2. SQL. Most roles in data and analytics involves some interaction with databases. And the most common way of accessing and manipulating data is through various flavours of the Structured Query Language. Both mature database engines, like PostgreSQL or MySQL, as well as newer distributed systems, like Hive, Spark and even Kafka offer SQL or SQL-like syntax. So make sure your candidate has at least some familiarity by asking:

What types of databases have you been working with? How did you extract the data you needed? (If the candidate mentions SQL, ask some follow up questions. Otherwise, stop and be cautious. If they only mention fancy stuff, ask 'what about plain old SQL'?) 

When it comes to specific follow-up questions to ask, there are a lot to find online in various lists. Make sure you ask easier questions first.

3. Programming. Especially if you're interviewing an aspiring Data Scientist, you should ask about their programming experience. There are many different programming languages out there, but the most common in the field of Data Science are Python, R, SAS and Matlab. It's generally not very hard to learn new languages if the candidate know at least one from before. To get a sense of their level of expertise, you can ask:

Basic: Do you ever write code to speed up or automate your work? (ask for examples and languages)
Advanced: Do you ever write production-level code? (follow up by asking what the difference is between production code and writing scripts for one-time use. Expect them to mention unit testing and error handling at the very least) 

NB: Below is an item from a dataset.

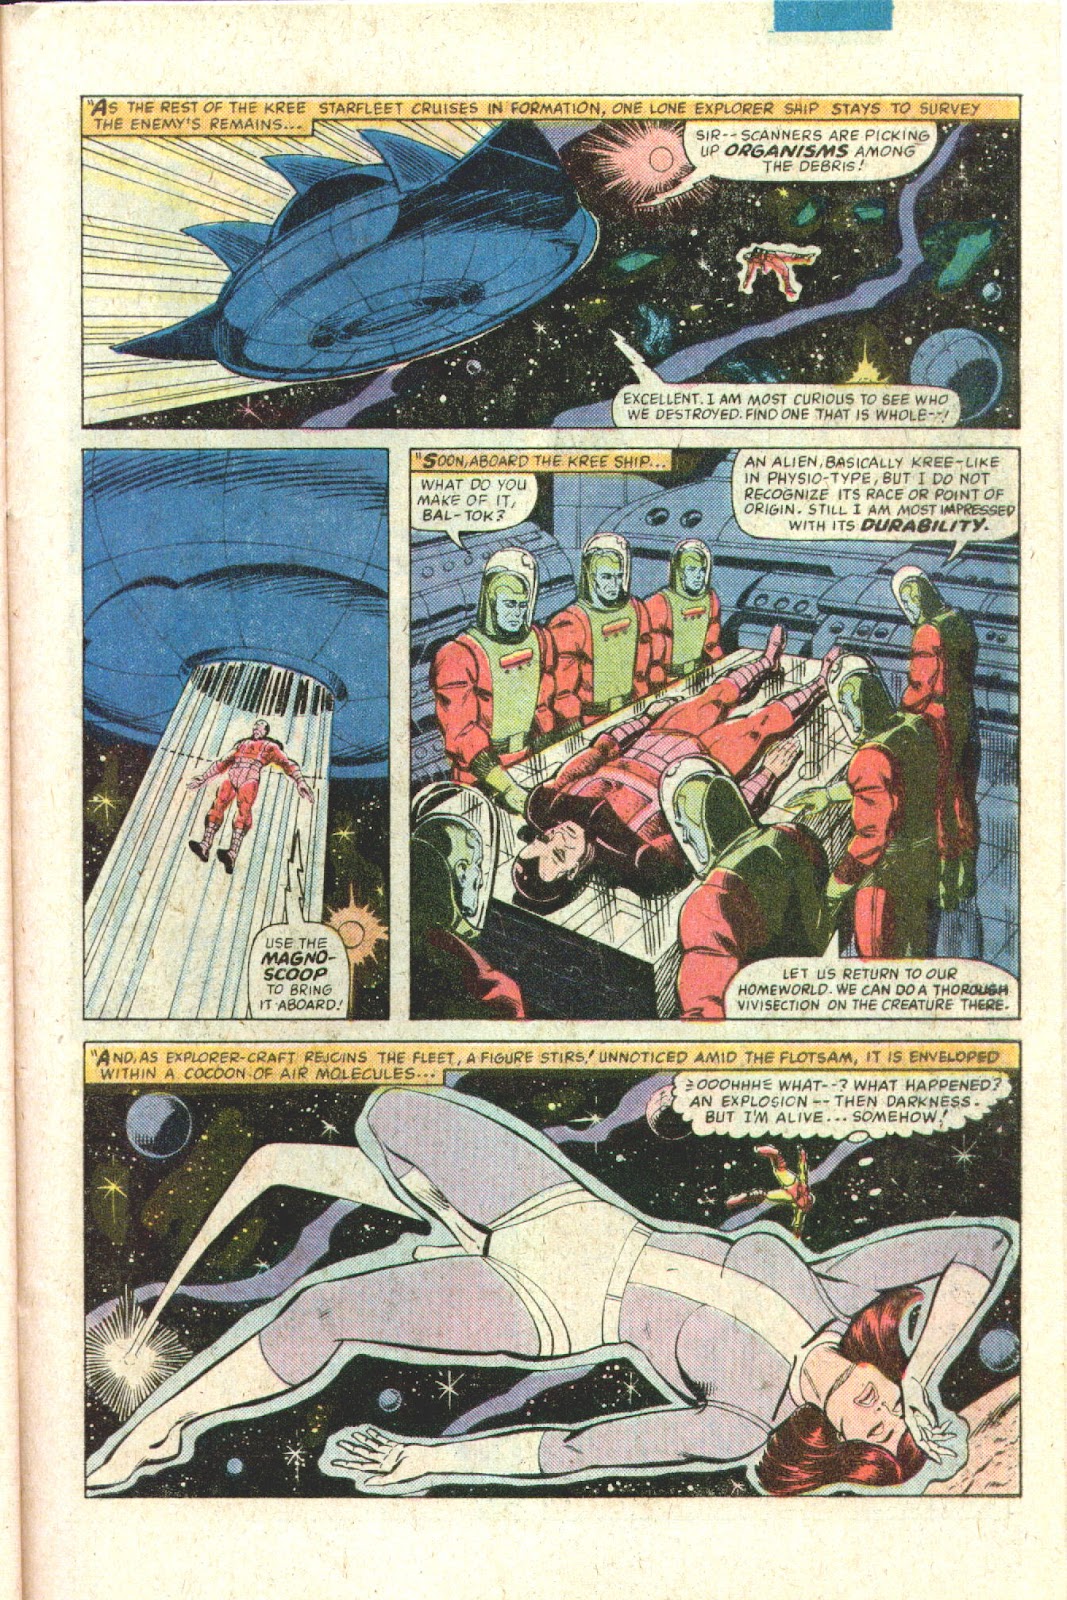 What If? (1977) issue 28 - Daredevil became an agent of SHIELD - Page 42

4. Distributed data. The Big Data hype is pushing companies to invest in systems that can store and operate on massive amounts of data, and also to look for employees with experience in these kinds of systems. It's increasingly common to 'rent' computing and storing capacity from cloud-providers, like Amazon Web Services, Google Cloud Services and Microsoft Azure. This means they no longer need to maintain their own cluster of physical servers and worry about software updates etc. For users of these services, however, it's still useful to understand some core differences between distributed systems and single-machine systems:

Please tell me some advantages of distributed data storage. (Scalability - possible to add machines to increase capability, cost - many less powerful computers are often cheaper than one very powerful one, performance - operations that are parallell in nature can run very quickly etc) In which situations would you choose to NOT use distributed data storage? (When the size of the data fits in the memory of one computer, when you want to keep complexity of the database system to the minimum, etc) 


Finally, remember that there is a limitation to what you can get out of an interview. If you really want to get a feel for a candidate's technical skills, you should challenge them with a coding task. We have developed a case study that we use to assess Data Scientists on their ability to build predictive models in R, Python or SAS that we can share with you. Let us know if interested. 

Hopefully this can help you structure your interview! If you have any other method and/or thoughts, please share and we can all contribute to close the gap between HR and tech. 


* Apologies for these very broad generalisations - I'm hinting at some common stereotypes of developers/engineers/analysts on one hand and HR professionals on the other.